Policy Iteration is about alternating Policy Evaluation and Policy Improvement so that eventually $\pi \rightarrow \pi_*$. In each iteration of Policy Iteration, we do Policy Evaluation to evaluate the current policy $\pi$. This itself may involve several iterations for the values to converge in concurrence with the current policy. Once we complete Policy Evaluation, we perform Policy Improvement, where we do the greedy update as mentioned above. Executing both for several iterations, we are guaranteed that whatever policy we start off with, it eventually converges to the optimal policy $\pi_*$. Of course, the proof for convergence is going to assume certain conditions, which I am not going to get into. But I guess an intuitive understanding is important to get the bigger picture. The following flow image from Richard Sutton’s book explains the process pretty well.

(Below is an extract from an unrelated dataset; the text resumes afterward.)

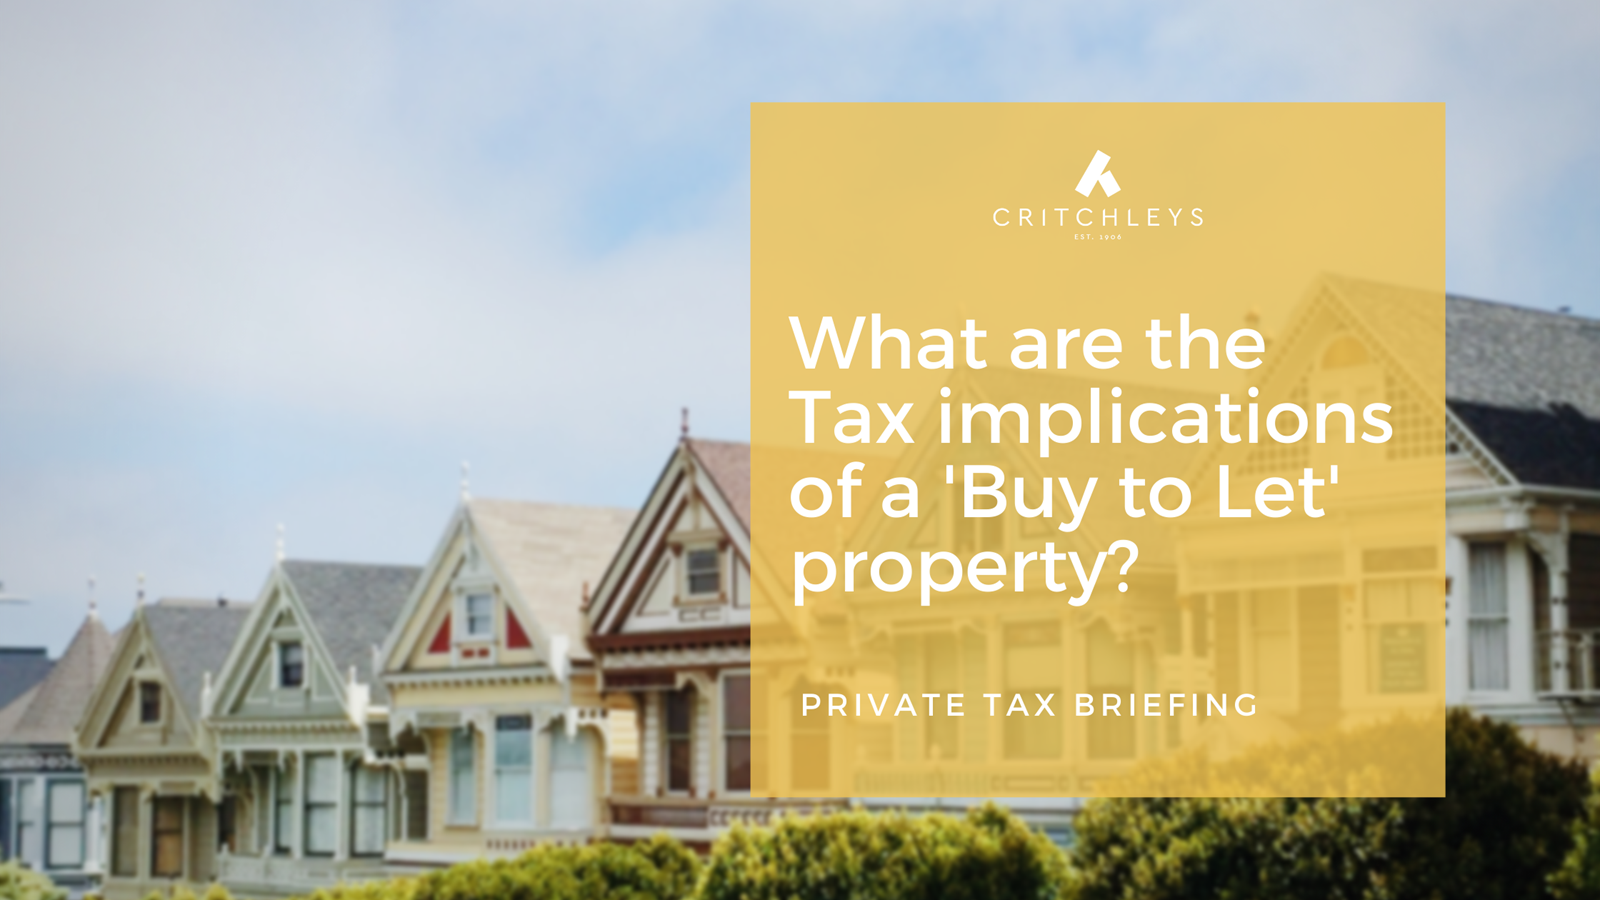 What are the Tax implications of a 'Buy to Let' property?

In Policy Iteration, we waited for Policy Evaluation to completely converge to the current policy values and then did our policy improvement step. Since we are interested only in the optimal value function and optimal policies, we don’t need to worry about exact convergence of intermediate policies. We can truncate policy evaluation to few iterations instead of running a complete one. An extreme case of this is Value Iteration. In Value Iteration, after every iteration of our main algorithm, we evaluate our policy and do a policy improvement step. Mathematically,

\[V_{k+1}(s) = \max_a \sum_{s'} p(s' | a,s) \left[ r(s,a,s') + \gamma*V_{k}(s') \right]\]

This is using the Bellman Optimality Equation as an update rule. It can be proved that Value Iteration eventually converges to the optimal values. We can also do this for getting $Q_{*}(s,a)$. This should help us getting the optimal policy for each state. We just max over $a$.

Model Free Methods

The core of Reinforcement Learning is to provide a mathematical framework using which an agent can learn how to perform well in an environment by repeatedly interacting with it by some trial and error mechanism. So far we haven’t done any learning. We just ran a simulation in our head to compute what is good and what is bad. We were able to do that only because a nice oracle gave us how the environment behaves. That’s not how the real world works.

What exactly is the difference between Model Based and Model Free? Let’s take an example. Suppose we want to find the average age of students in a RL course. There are two ways to do it.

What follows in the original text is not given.